Given the desire for the combination of water with light, there is an ongoing market for illuminated water features.
The present invention combines controlled illumination with sprinkler systems to achieve the ability to create a perfect beam of bright light of any color that is directed along or against the water stream created by the nozzle of a sprinkler head. Any commercial or residential built in sprinkler system is suitable for use with the invention. The invention utilizes a sprinkler head fitted one or more very bright energy efficient LEDs and may be powered with a variety of power sources, including solar power, battery power, or a combination of both. Hard wiring to grid power is another alternative. A controller is operable to control the lighting and sprinkler system.

BRIEF DESCRIPTION OF THE DRAWINGS

The invention will be better understood and its numerous objects and advantages will be apparent by reference to the following detailed description of the invention when taken in conjunction with the following drawings.

FIG. 1 is a perspective view of a typical residential lawn irrigation system in which the illumination system of the present invention is incorporated into plural sprinkler heads.

FIG. 2 is a plan view of a representative controller for use with the present invention.

FIG. 3 is a perspective view of a solar photovoltaic panel for use with the present invention.

FIGS. 4, 5 and 6 illustrate three different embodiments of popup sprinkler heads that are fitted with LEDs according to the present invention.

FIG. 4 is a perspective view of a popup head that includes plural LEDs arranged around the body of the sprinkler to direct the light upwardly, and one or more LEDs near the nozzle at the top of the body.

FIG. 5 is a perspective view of a popup head having plural LEDs arranged around the body of the sprinkler, but further includes one or more LEDs near the nozzle.

FIG. 6 is a perspective view of a sprinkler in which an LED and a reflector are located near the nozzle at the top of the sprinkler body.

FIG. 7 is a perspective view of a conventional impact sprinkler head that has been equipped with an LED according to the present invention

FIG. 8 is a top plan view of an illumination cap according to the present invention that may be retrofitted onto a conventional popup sprinkler head.

FIG. 9 is a side elevation view of a conventional popup sprinkler head onto which an illumination cap according to the present invention has been adapted.

FIG. 10 is a top perspective view of the popup sprinkler shown in FIG. 9 with the popup sprinkler shown in the operational position that exists when water is flowing from the sprinkler.

FIG. 11 a top perspective view of the popup sprinkler head of FIG. 10, with the popup sprinkler shown in the resting position that exists when no water is flowing through the sprinkler.

FIG. 12 is a side elevation view of the illumination cap according to the present invention shown in isolation.

FIG. 13 is a top perspective view of the illumination cap according to the present invention.
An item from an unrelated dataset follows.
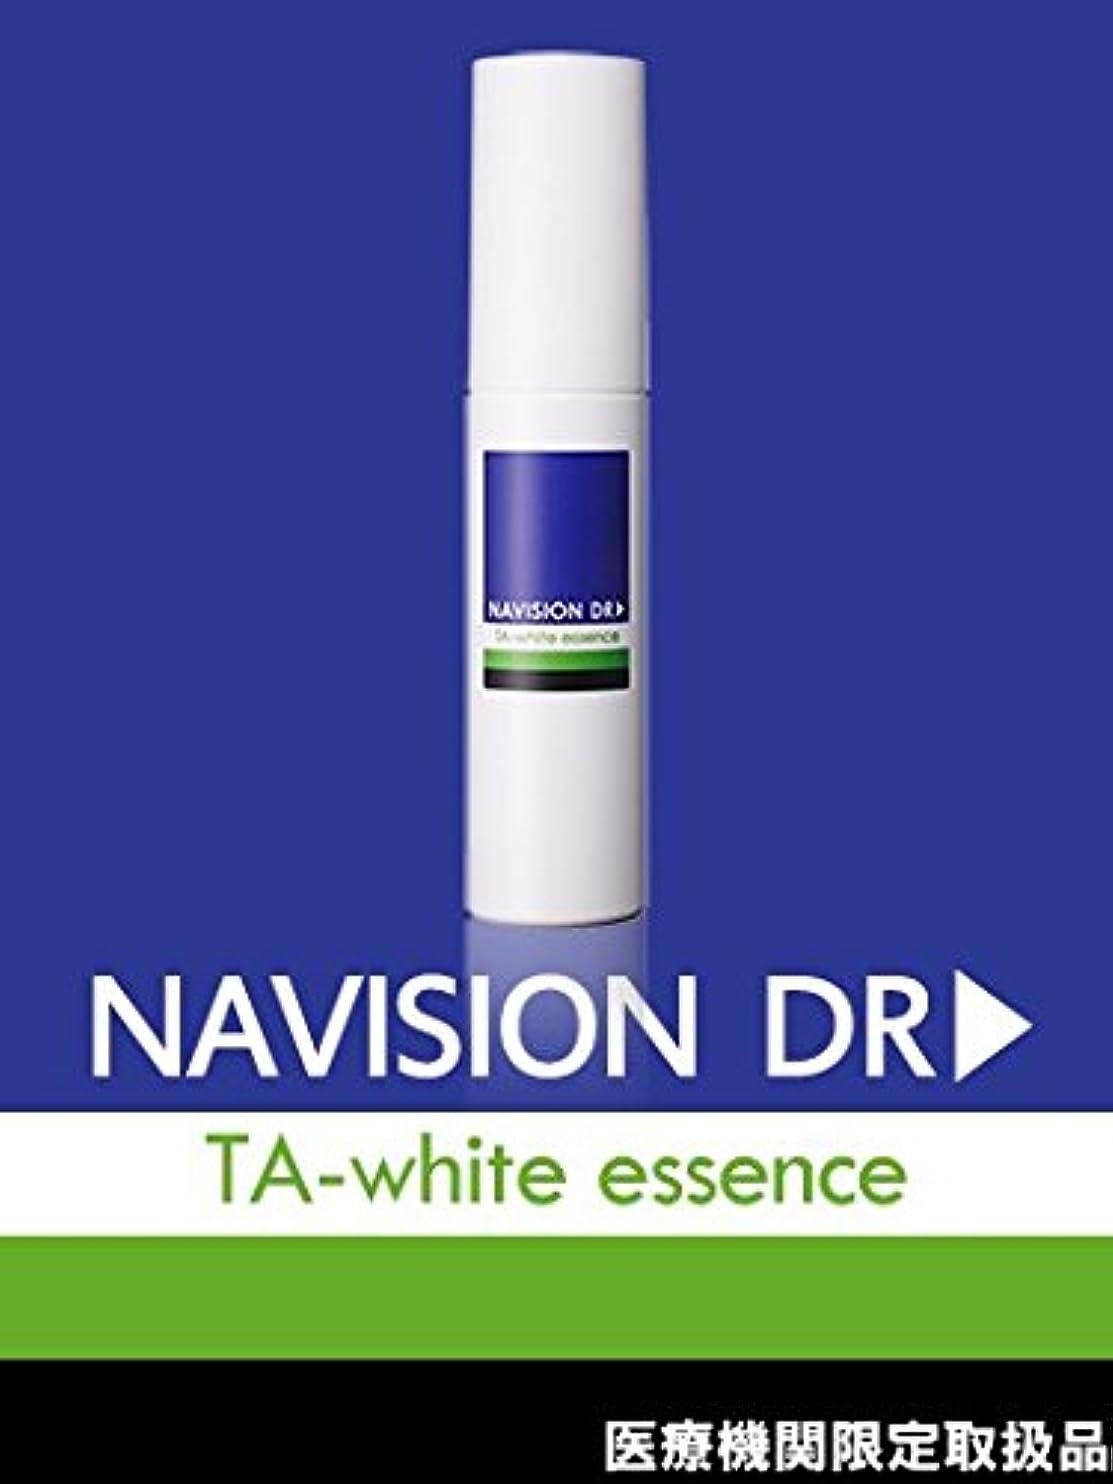 シロクマスパイメダルNAVISION DR? ナビジョンDR TAホワイトエッセンス(医薬部外品) 45mL 【医療機関限定取扱品】

FIG. 14 is a bottom plan view of the illumination cap shown in FIGS. 12 and 13.

FIG. 15 is a cross sectional view of the illumination cap shown in FIG. 12, taken along the line A-A of FIG. 12.

DETAILED DESCRIPTION OF ILLUSTRATED EMBODIMENTS

With reference now to FIG. 1, the illuminated sprinkler system 10 according to the present invention includes several different components, each of which is detailed herein. Specifically, system 10 included plural sprinkler heads 12, each of which is fitted with an illumination system shown generally at 14. FIG. 1 illustrates a typical installation of a residential, in-ground irrigation system that incorporates the illuminated sprinkler system 10 according to the present invention. The system 10 shown in FIG. 1 has six separate sprinkler heads 12, which in the illustration are typical “popup” type sprinkler heads. As detailed below, the illumination system 14 is defined by LEDs that are adapted to the sprinkler heads 12. The LEDs may be the same or different colors, and each sprinkler head 12 may be fitted with plural LEDs, which again may be the same or different colors. The sprinkler heads 12 are each wired to a control panel 16 that is configured for operation of the LEDs in predetermined patterns, sequences, etc., and each sprinkler head 12 may optionally be fitted with a pressure-sensitive switch as described below.
The control panel 16 is shown in detail in FIG. 2. It includes the standard control functions for controlling water flow through plural sprinkler heads, which typically are contained in multiple watering “zones.” But the control panel 16 for use with the present invention further includes controls for operating the light features defined by the LEDs contained in the sprinkler heads 12. Specifically, the control panel 16 includes operational controls for turning the LEDs on/off 18, controlling the pattern of illumination 20, the speed of the illumination (for example, intermittent illumination) 22, and the color of the illumination 24. It will be appreciated that the control panel 16 includes conventional processors for providing operational functionality for system 10. Returning to FIG. 1, low voltage power wires 26 extend from the control panel 16 to each of the illuminated sprinkler heads 12 to provide power to the LEDs in the heads.
The present invention contemplates that the control panel 16 for the illuminated sprinkler system 10 will have settings that will allow for light control, for example, coordination with music, strobe, illuminating lights of different color in predetermined sequences and patterns and timing, and essentially any control patter that would change the lighting effect.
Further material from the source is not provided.